Tolerances associated with conventional methods of mounting the electrode and coolant tube makes it more difficult for systems employing such torches to produce highly uniform, close tolerance parts without requiring frequent replacement of the electrode due to the errors inherent in positioning the electrode relative to the coolant tube.
It is therefore a principal object of this invention to provide electrodes and coolant tubes for a liquid-cooled plasma arc torch that aid in maintaining electrode life and/or reducing electrode wear by minimizing the effects of misalignment.
SUMMARY OF THE INVENTIONThe invention, overcomes the deficiencies of the prior art by, in one aspect, providing a coolant tube for a plasma arc torch that achieves reliable and repeatable positioning of the coolant tube relative to the electrode.
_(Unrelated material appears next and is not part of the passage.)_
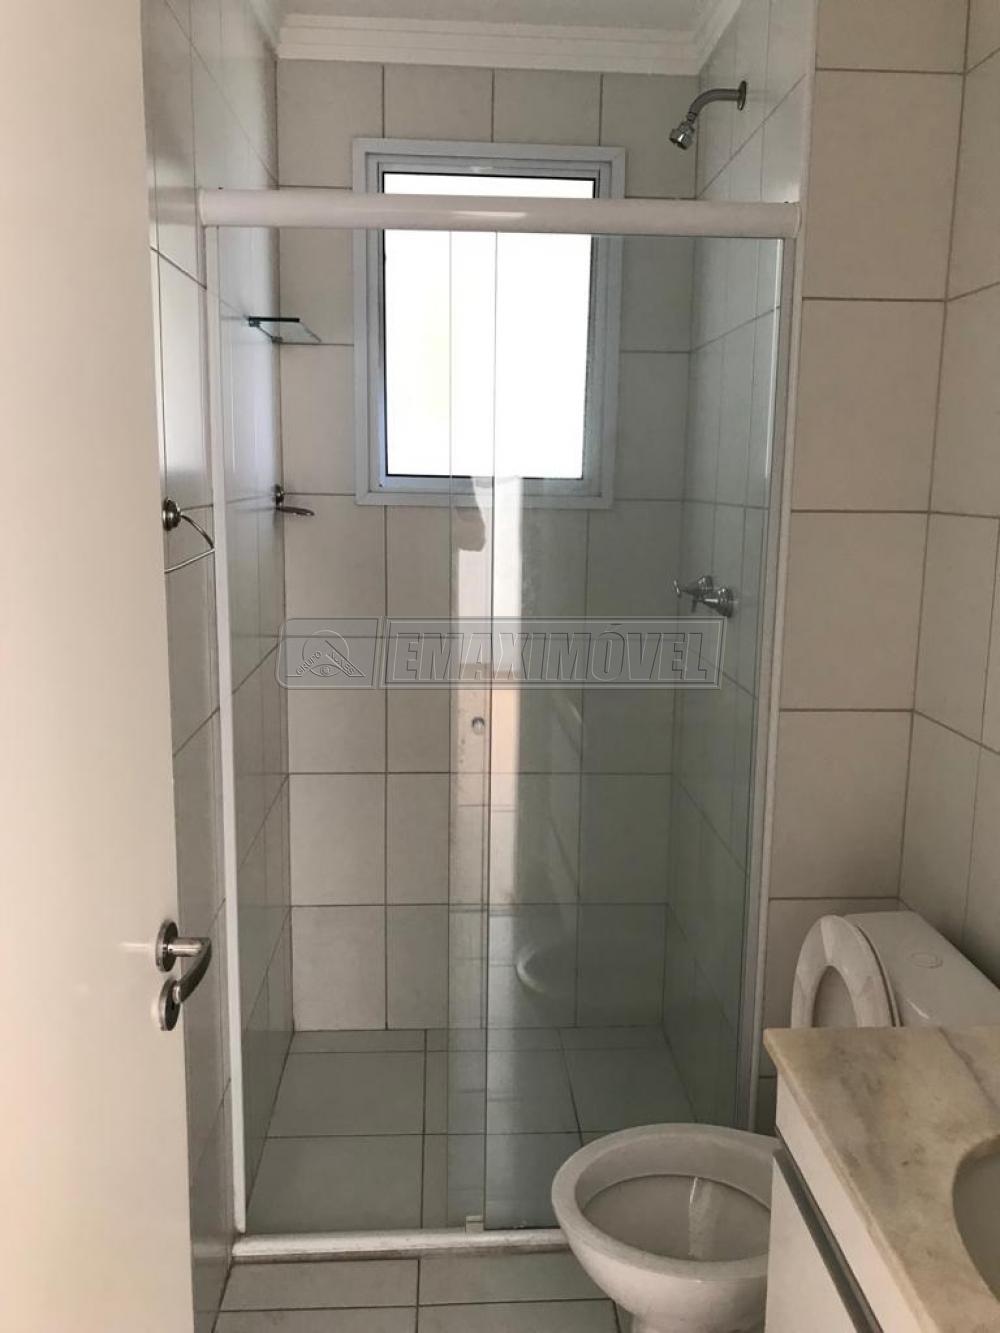 Alugar Apartamentos / Apto Padrão em Votorantim R$ 1.650,00 - Foto 7

The invention, in another aspect, achieves reduced alignment errors in aligning respective longitudinal axes of an electrode and a coolant tube. The coolant tube has an elongated body that has a first end, a second end, and a coolant passage extending therethrough. The elongated body has a surface located on an exterior portion of the elongated body adapted to mate with an electrode.
Embodiments of this aspect of the invention can include the following features. The mating surface of the tube can include a contour, linear taper, step, or flange. The mating surface can have an enlarged diameter body integral with the elongated body. The enlarged diameter body can have a varying diameter. The mating surface of the tube can be fabricated so that the surface is adapted to align respective longitudinal axes of the elongated body and an electrode. The mating surface of the tube can be adapted for substantially concentrically, radially and/or circumferentially aligning respective longitudinal axes of the tube with an electrode. In addition or in the alternative, the mating surface can be adapted for aligning the elongated body and an electrode along the direction of a longitudinal axis of the elongated body. The mating surface of the tube can be located in an intermediate region between the first end and second end. The mating surface of the tube can be located at an end of the elongated body.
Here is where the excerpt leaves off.